» Input data:
━━━

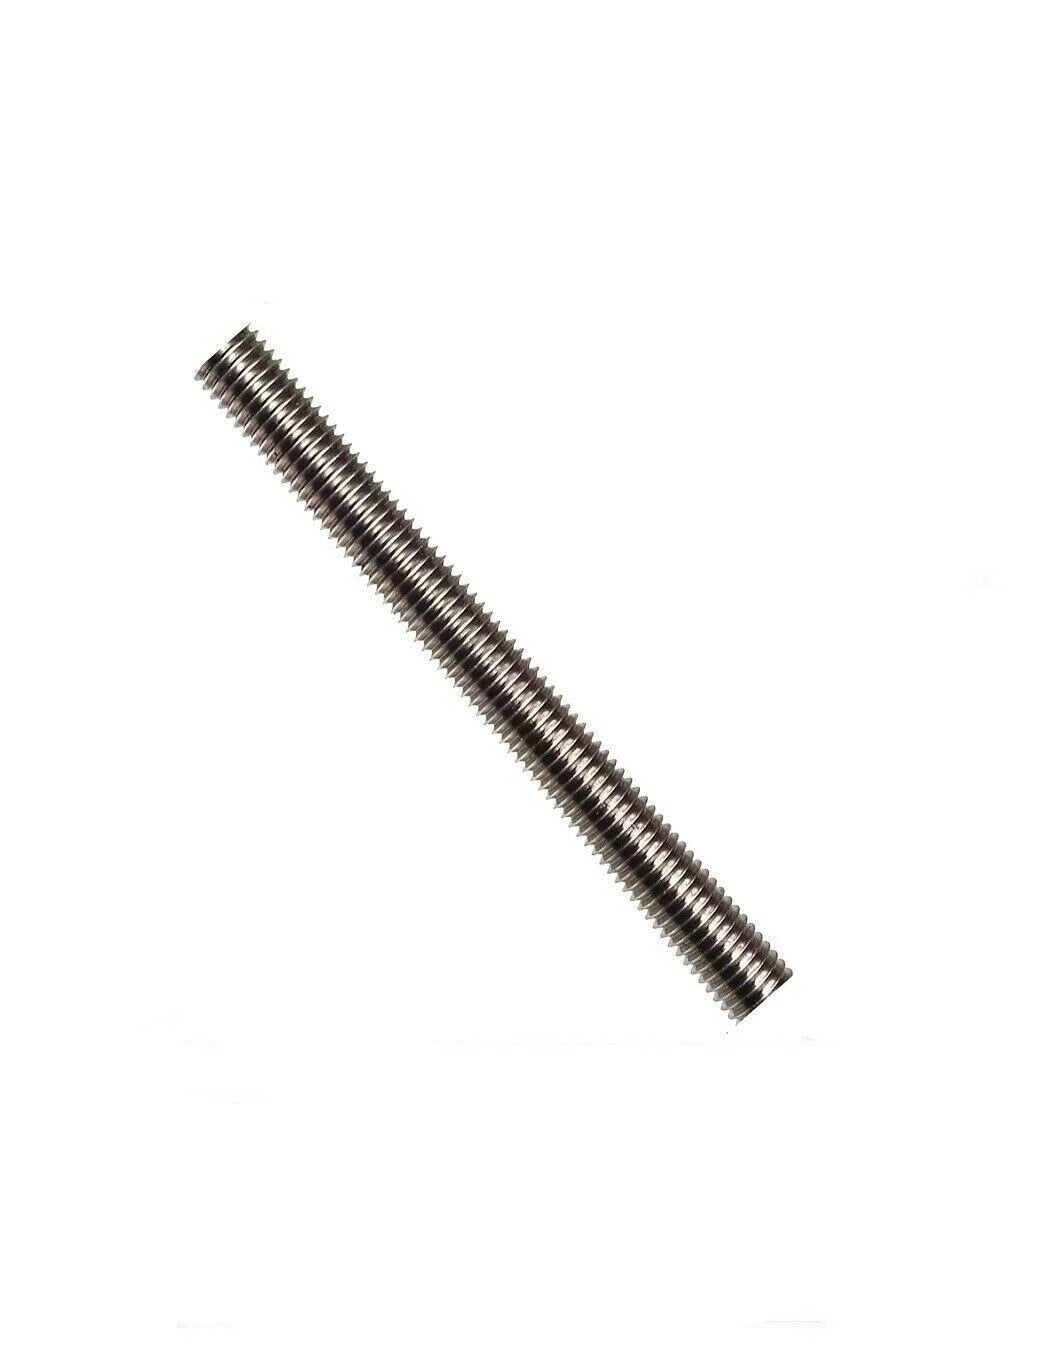 (Qty 5 Sticks) 1/2-13 x 36" Stainless Steel Threaded Rod 304 Stainless AllThread
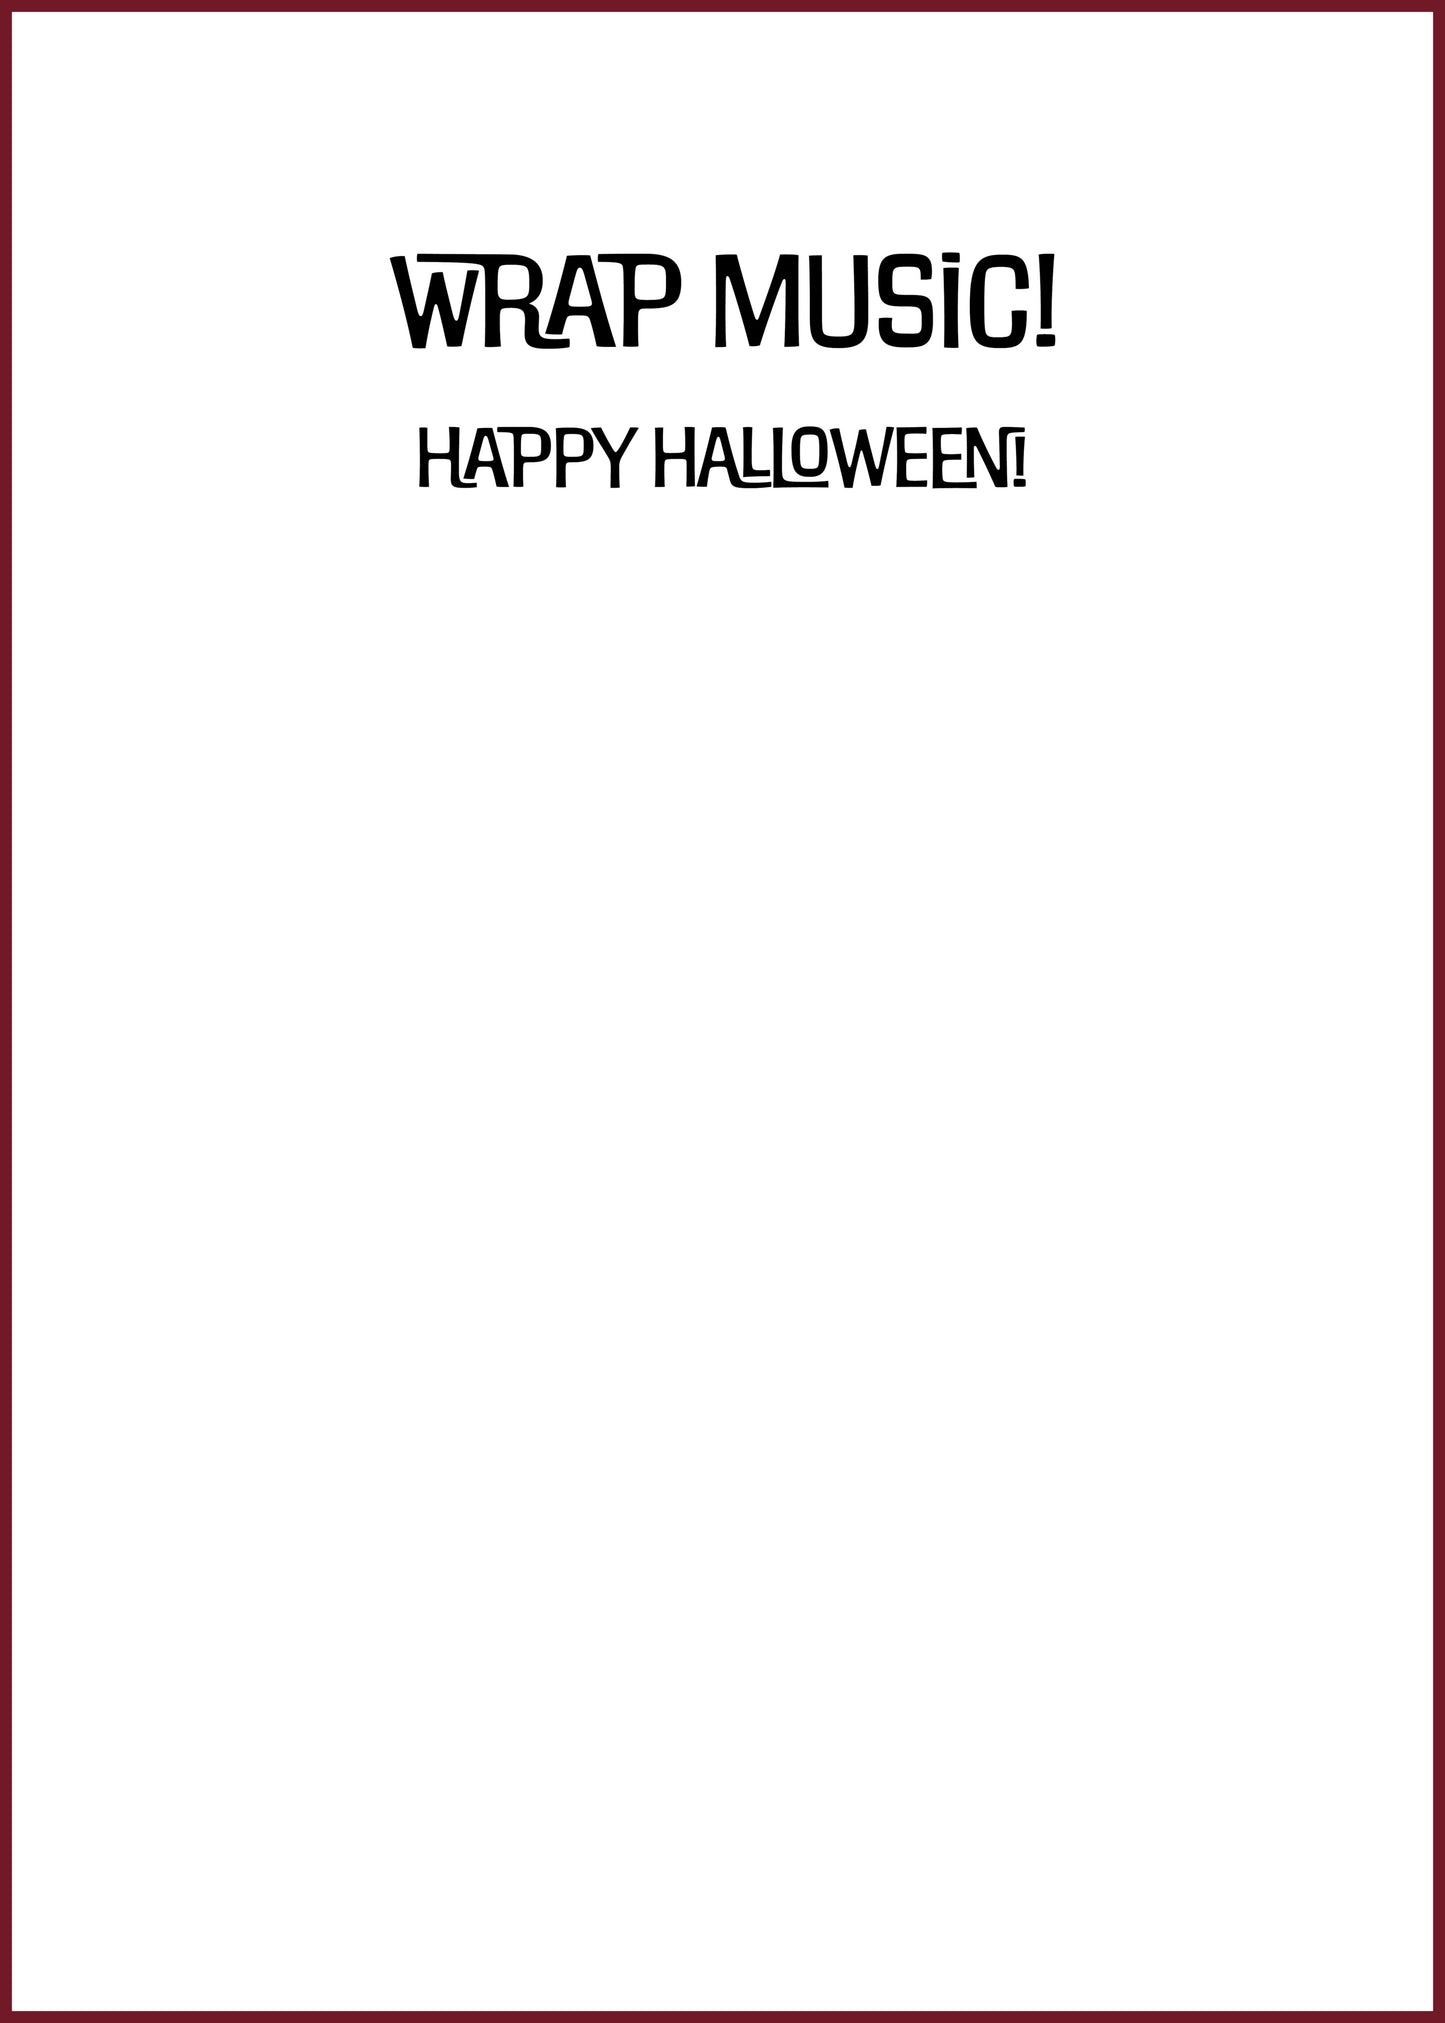 "Wrap Music" Greeting Card (Halloween)
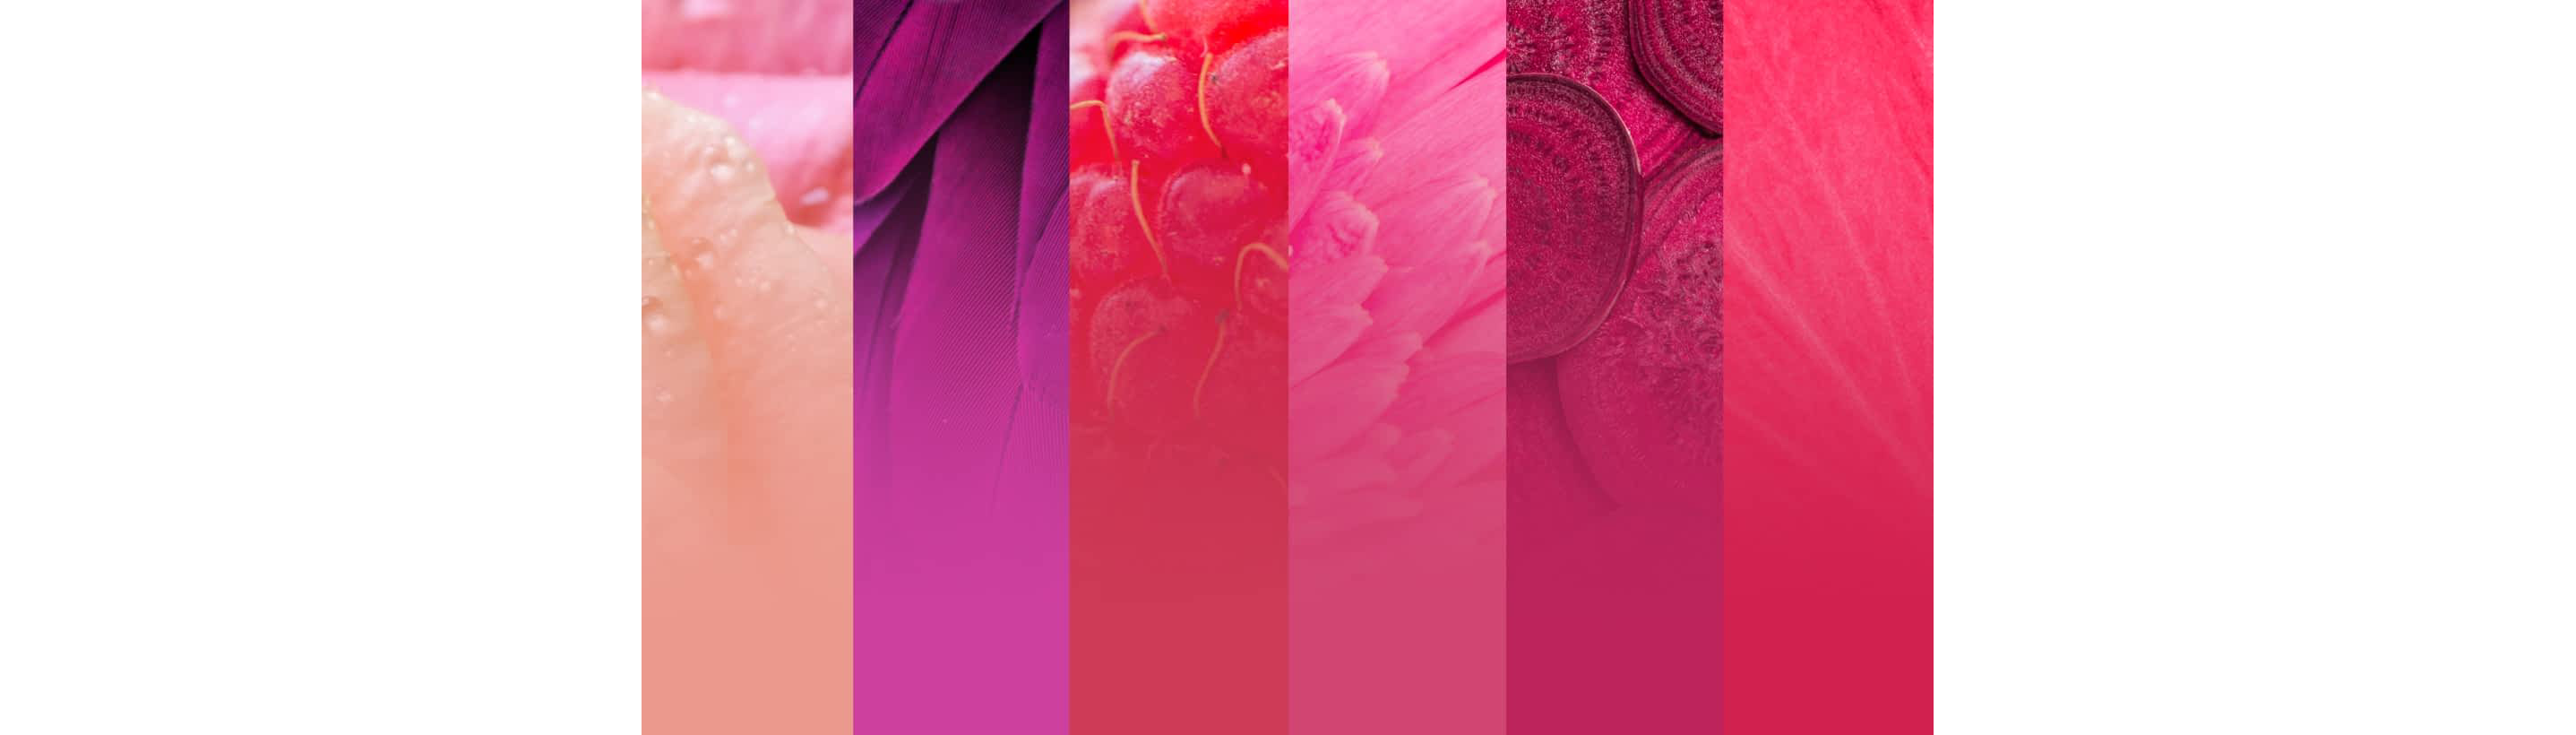 https://kitchenaid-h.assetsadobe.com/is/image/content/dam/business-unit/kitchenaid/en-us/digital-assets/pages/color-of-the-year-2023/color-inspiration/study-in-pink.jpg?fit=constrain&fmt=png-alpha&wid=2875

━━━

» Required action:
The data above are to be repeated word for word, with any pictures left out.

» Exercise solution:
 (Qty 5 Sticks) 1/2-13 x 36" Stainless Steel Threaded Rod 304 Stainless AllThread
 "Wrap Music" Greeting Card (Halloween)
 https://kitchenaid-h.assetsadobe.com/is/image/content/dam/business-unit/kitchenaid/en-us/digital-assets/pages/color-of-the-year-2023/color-inspiration/study-in-pink.jpg?fit=constrain&fmt=png-alpha&wid=2875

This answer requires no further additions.